To further unravel the influence of MoKDCDH and MoP5CDH on the generation of asexual spores in the rice blast fungi, we instituted relevant sporulation assays to examine the quantum and morphology of asexual spores generated by MoKDCDH and MoP5CDH knock-down mutants relative to the wild type. The results obtained from these investigations showed that the RNAi-mediated silencing of MoKDCDH and MoP5CDH drastically compromised sporulation characteristics of both MoKDCDH and MoP5CDH knock-down mutants (Figures 3E,F). We also showed that MoKDCDH exclusively played a role in modulating conidia morphogenesis; hence, MoKDCDH knock-down mutants displayed abnormal conidium morphogenesis, conidium septation, germination, and appressorium morphogenesis (Figure 3G). Conversely, MoP5CDH knock-down strains displayed intact conidia and appressorium morphology with no visible septation and germination defects (Figure 3H), and we further observed that downregulating the expression activities of MoKDCDH to levels below 50% had lethal effect. Hence, the resultant mutants displayed short lifespan (could not be stored beyond 3 months). From these results, we inferred that MoKDCDH likely mediates conidia and appressoria morphogenesis in the rice blast fungus through direct or indirect regulation independent pathways that are not under the collective influence of the family-four ALDHs. The additional results derived conidia-mediated infection assays showed that both MoKDCDH and MoP5CDH knock-down strains with substantially reduced expression activities failed to induce blast infection, and as a result, susceptible rice seedlings sprayed inoculated independently with conidia from MoKDCDH and MoP5CDH knock-down strains in suspension displayed reduced lesions (Figures 3I,J).

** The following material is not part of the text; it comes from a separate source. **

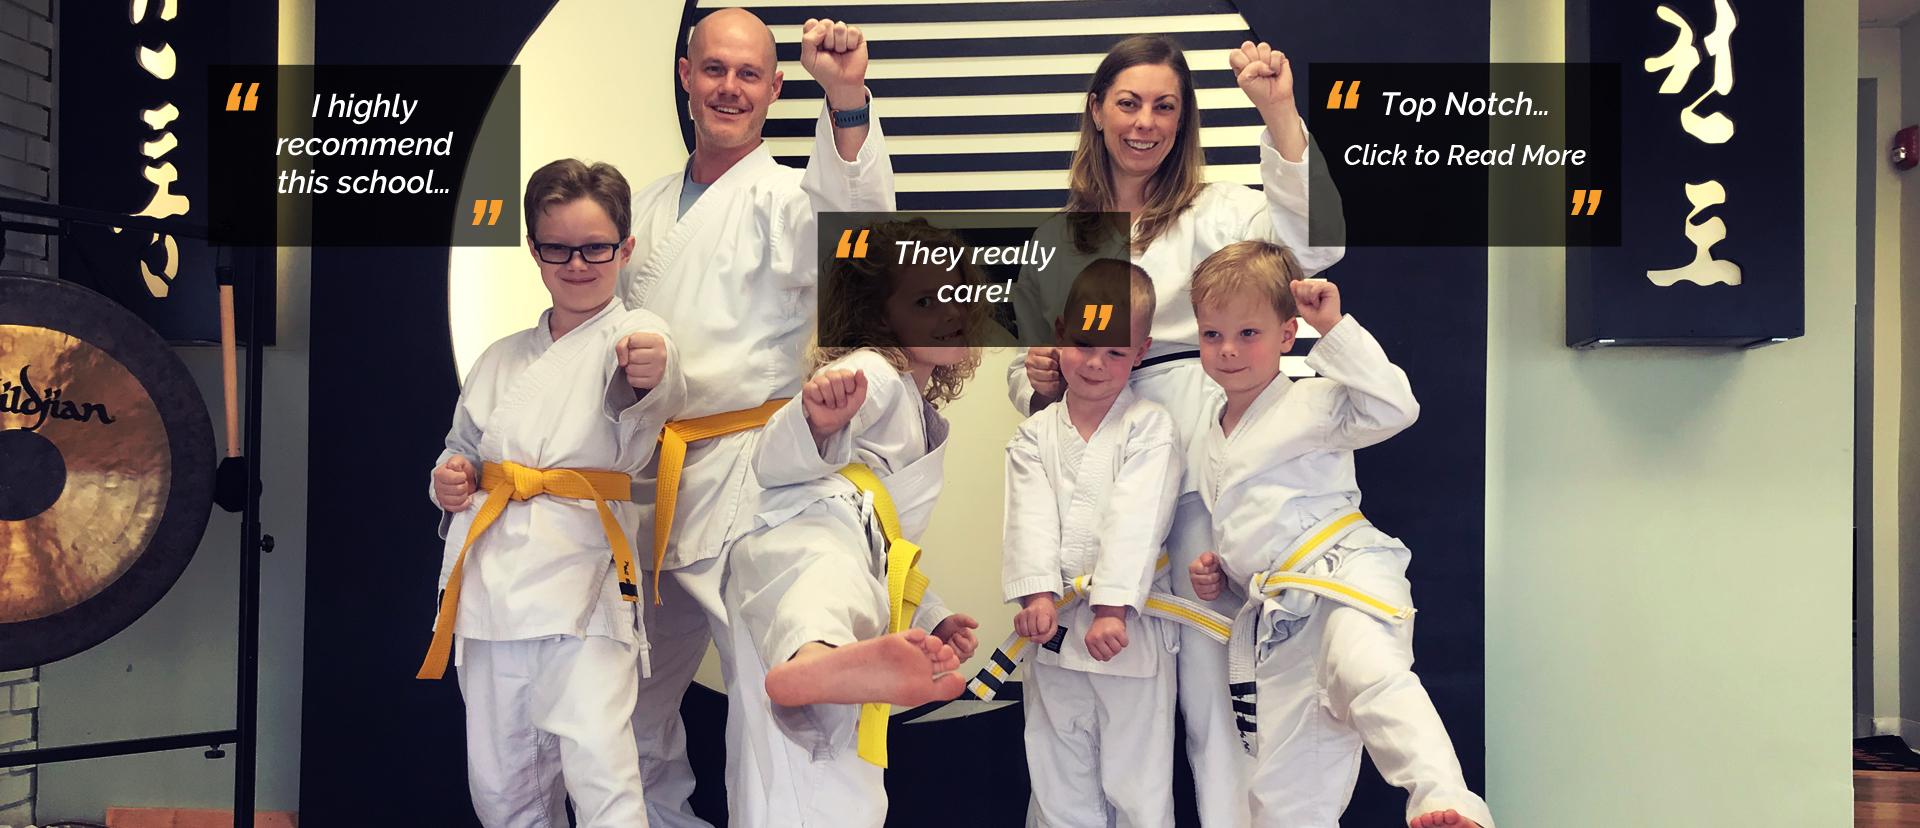 Taekwondo-Slider-Testimonial
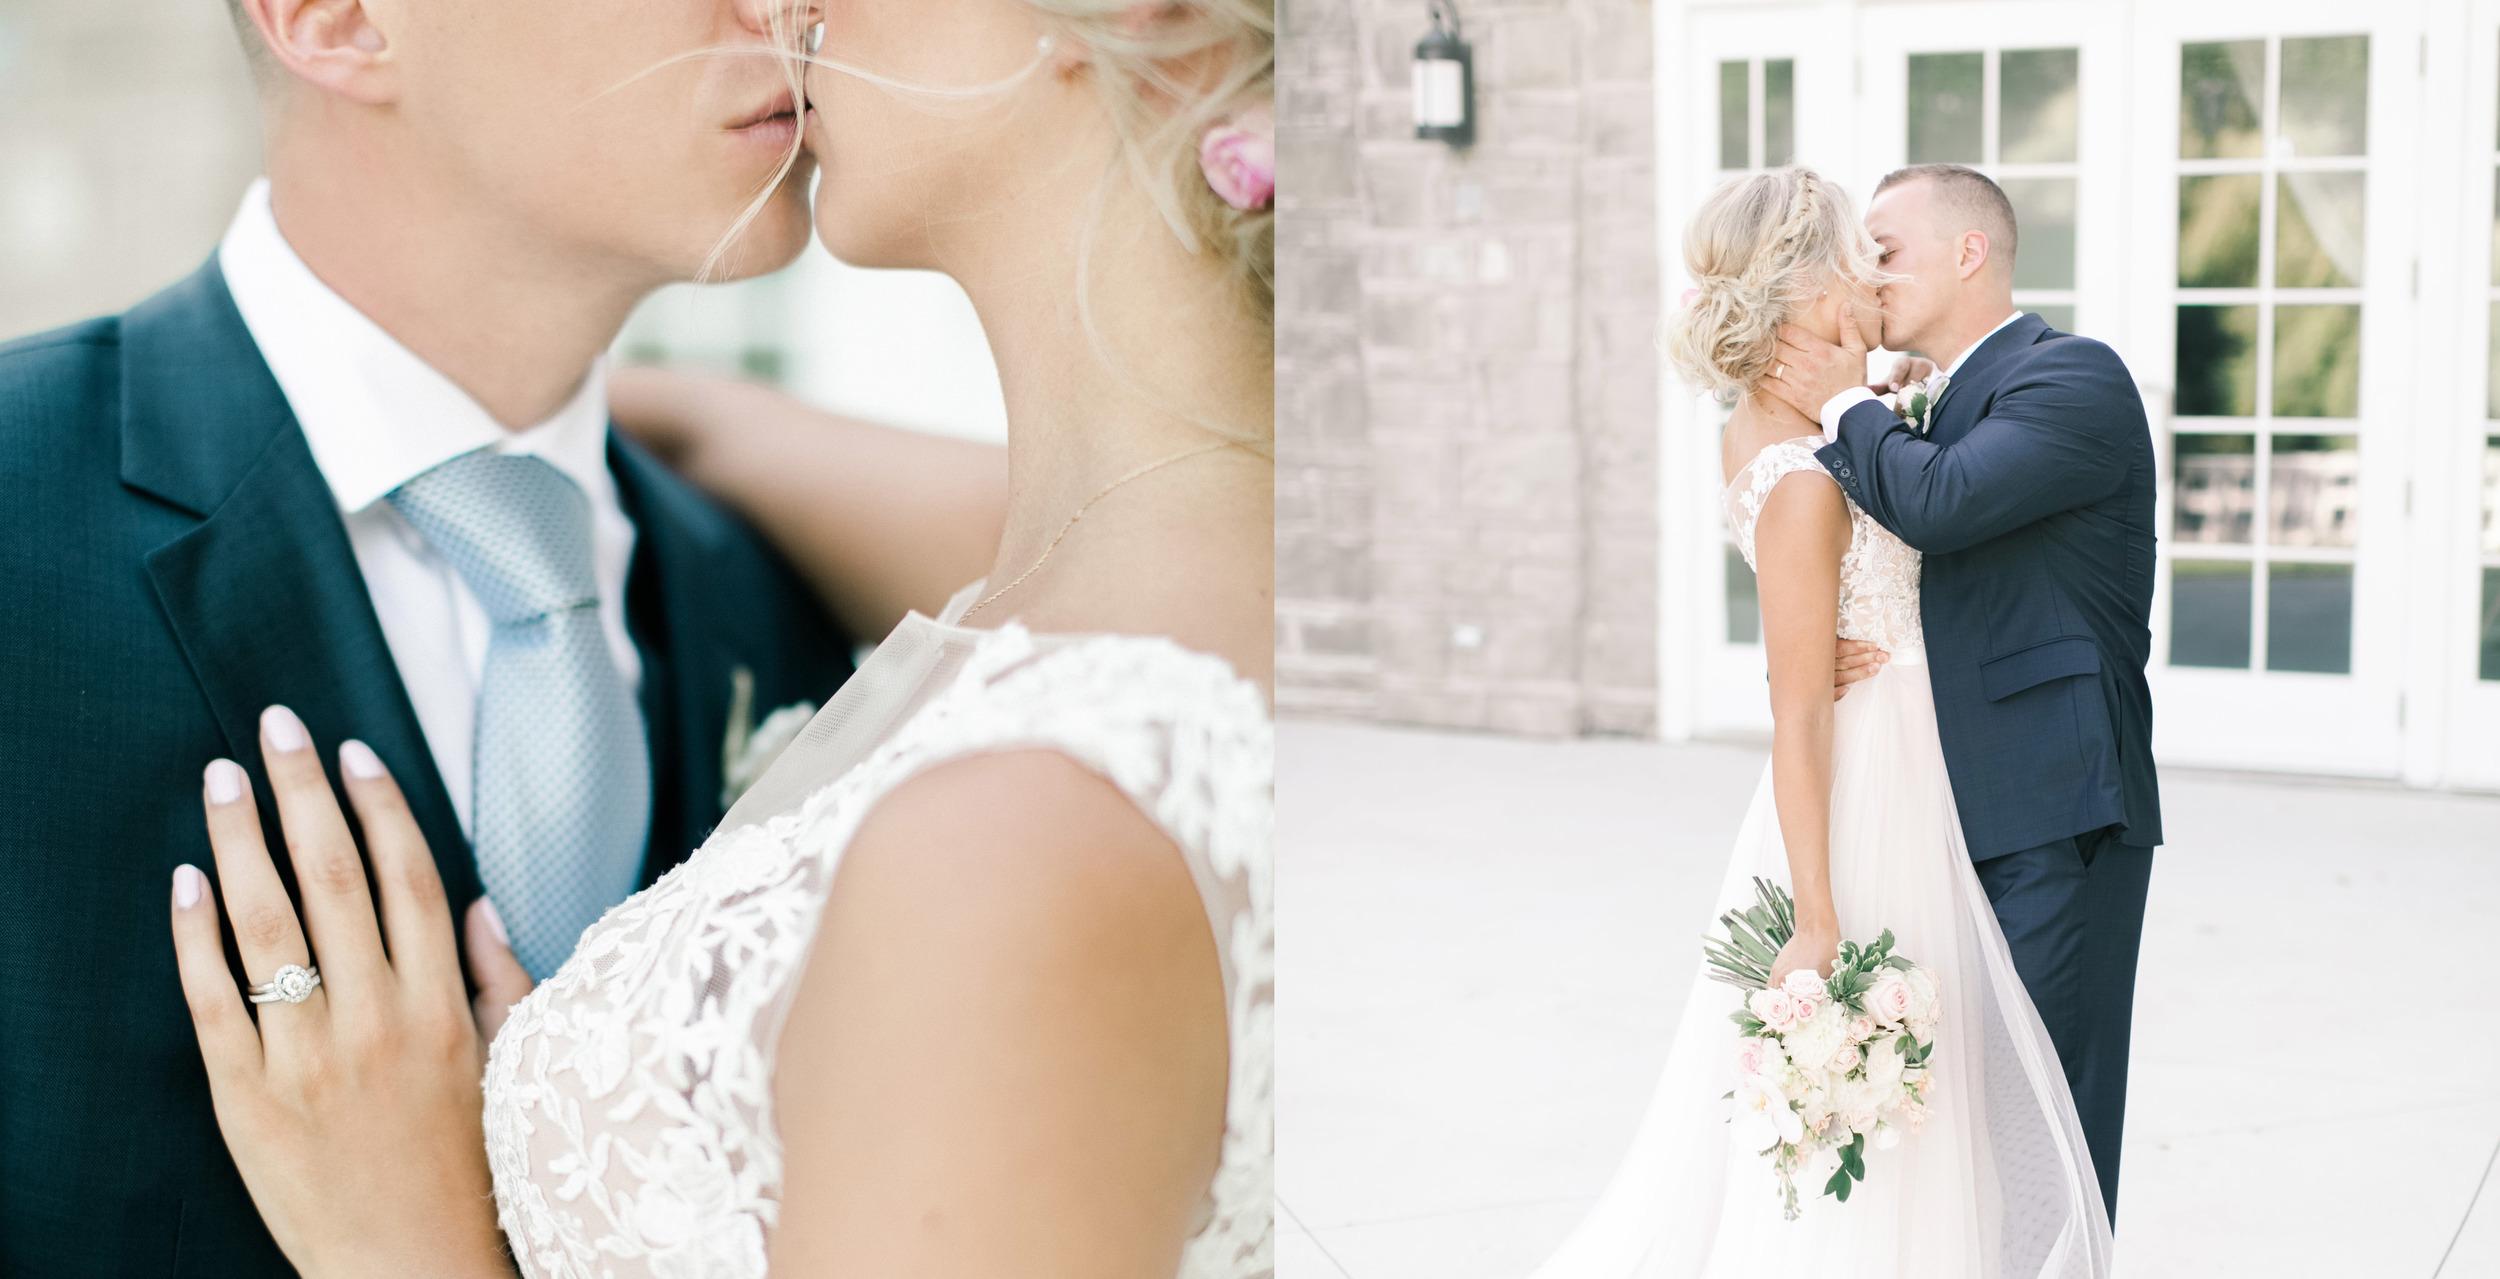 holcim-estate-toronto-ontario-high-end-wedding-photographer-richelle-hunter-megan-dustin-preview-WEBSITE.jpg

MoKDCDH and MoP5CDH are family-four aldehyde dehydrogenases, and we showed that MoKDCDH and MoP5CDH knock-down mutants with <50% expression activity were nonpathogenic. Growth records obtained from this study showed that the silencing of MoKDCDH and MoP5CDH also caused a significant reduction in vegetative growth and adequately support our conclusion that the full participation of family-four aldehyde dehydrogenases (potassium-activated aldehyde dehydrogenase and delta-1-pyrrorine-5-carboxylate dehydrogenase) is likely necessary for growth, virulence, and pathogenicity of the rice blast fungus during host–pathogen interaction. This position is firmly supported by previous research findings, which equally showed that potassium-activated aldehyde dehydrogenase in Colletotrichum acutatum functions as a pathogenicity factor that promoted disease development (Guidarelli et al., 2011).

Response of MoKdcdh and MoP5Cdh Knock-Down Mutants to Oxidative Stress

Since aldehyde dehydrogenases are inherently involved in the peroxidation of membrane lipids coupled with the fact that the peroxidation of membrane lipid enhances membrane integrity and bolsters cell membrane against oxidative stress.

We subsequently decided to assess the response of MoKDCDH and MoP5CDH knock-down mutants by culturing respective knock-down lines along with the wild-type strain on CM supplemented with oxidative and reductive stress-inducing agents including acetaldehydes, alcohol, SDS, ROS, and DTT. The individual knock-down mutants were highly sensitive to SDS, ROS, and NaCl (oxidative stress) (Trotter and Grant, 2002; Vaidyanathan et al., 2003; Furukawa et al., 2017; Conrad et al., 2018) and MoP5CDH and DTT (reductive stress) (Trotter and Grant, 2002; Valadi et al., 2004). From these results, we concluded that MoKDCDH and MoP5CDH promote oxidative and reductive stress tolerance of M. oryzae.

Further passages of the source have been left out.